Fig. 7.. Graded T-bet expression is a stable property of T_H1 cells.

(A to C) Naive LCMV-specific TBGR CD4⁺ Thy1.1⁺ cells were adoptively transferred into untreated TBGR Thy1.2⁺ mice, followed by LCMV infection. Effector CD4⁺ Thy1.1⁺ T cells were FACS-sorted based on ZsG expression intensity. Equal numbers of isolated CD4⁺ ZsG⁺ Thy1.1⁺ cells were retransferred into uninfected TBGR Thy1.2⁺ recipient mice subsequently infected with LCMV. Data represent a compilation of two independent experiments with three biological replicates each, derived from n = 20 mice. (A) Experimental scheme. (B) T-bet and GATA-3 protein expression in donor CD4⁺ Thy1.1⁺ T cells 10 days after secondary infection. Statistics: Kruskal-Wallis test with Dunn’s multiple comparisons test; ns, not significant; *P < 0.05; **P < 0.01; ***P < 0.001; ****P < 0.0001. (C) CD4⁺ Thy1.1⁺ donor T cells were isolated after secondary infection and reactivated in vitro under T_H2 conditions. GATA-3 protein expression was analyzed by FACS, with representative histograms provided.

Fig. 8.. Continuous T-bet expression safeguards T_H1 cell stability.
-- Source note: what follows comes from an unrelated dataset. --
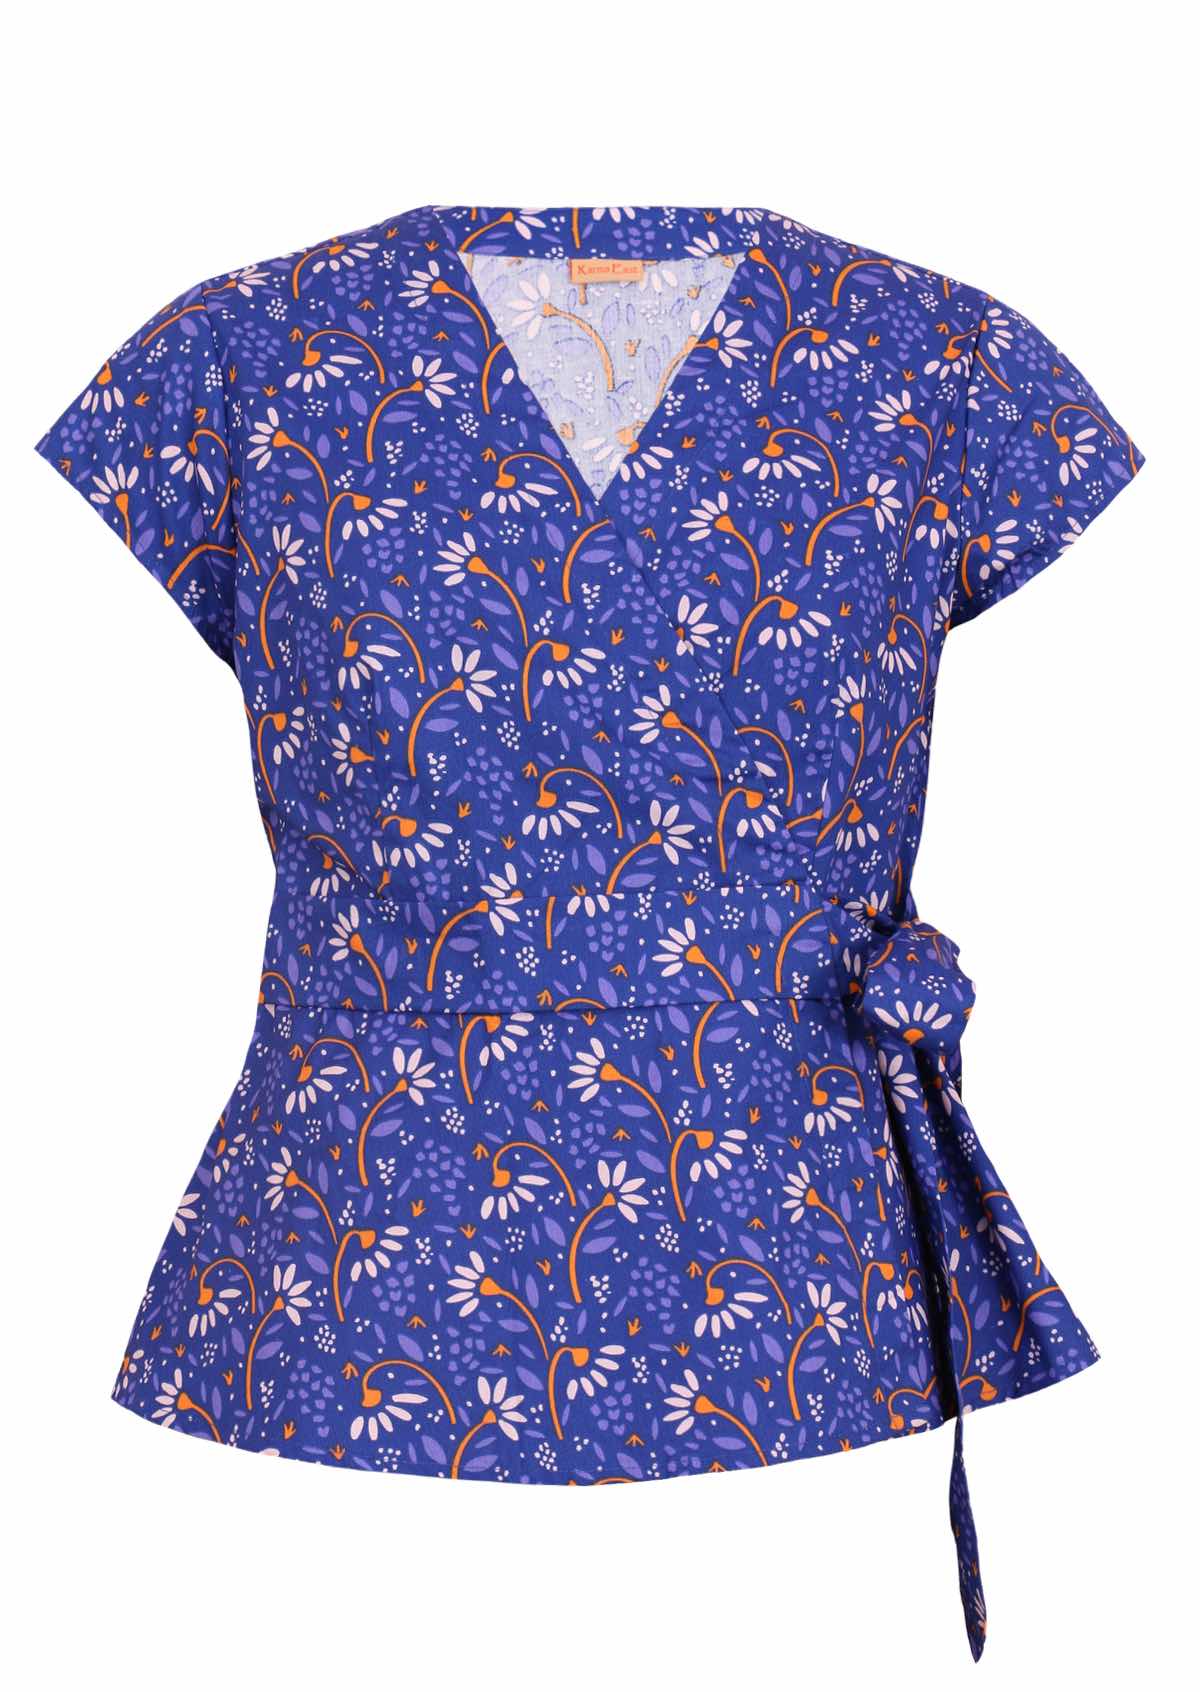 Cotton wrap top with orange and white flowers on bright blue base

Naive Tbx21^fl/fl and Tbx21^fl/+ Rosa26CreERT2⁺ LCMV-specific CD4⁺ Thy1.1⁺ cells were adoptively transferred into Thy1.2⁺ Rosa26CreERT2⁺ C57BL/6 mice. Recipient mice were infected with LCMV. On days 7, 8, and 9 after infection, recipient mice were treated with tamoxifen, while a control group was left untreated. On day 10 after infection, CD4⁺ Thy1.1⁺ donor T cells were isolated and directly analyzed or reactivated for 5 days under T_H2 conditions. Data are representative of two independent experiments (n = 6 to 7 per group and experiment). (A) Experimental scheme. (B) IFN-γ expression and (C) T-bet and GATA-3 expression were determined in CD4⁺ Thy1.1⁺ donor cells by FACS on day 10 after infection. (D) GATA-3 and T-bet protein expression were determined by FACS in CD4⁺ Thy1.1⁺ donor cells after re-activation for 5 days under T_H2 conditions. T_H2 cells derived from naive LCMV-specific CD4⁺ Thy1.1⁺ cells served as control. (E) Quantitative PCR of the indicated cytokine genes after restimulation with PMA/ionomycin for 3 hours. Statistics: Kruskal-Wallis test with Dunn’s multiple comparisons test; ns, not significant; *P < 0.05; **P < 0.01; ***P < 0.001; ****P < 0.0001.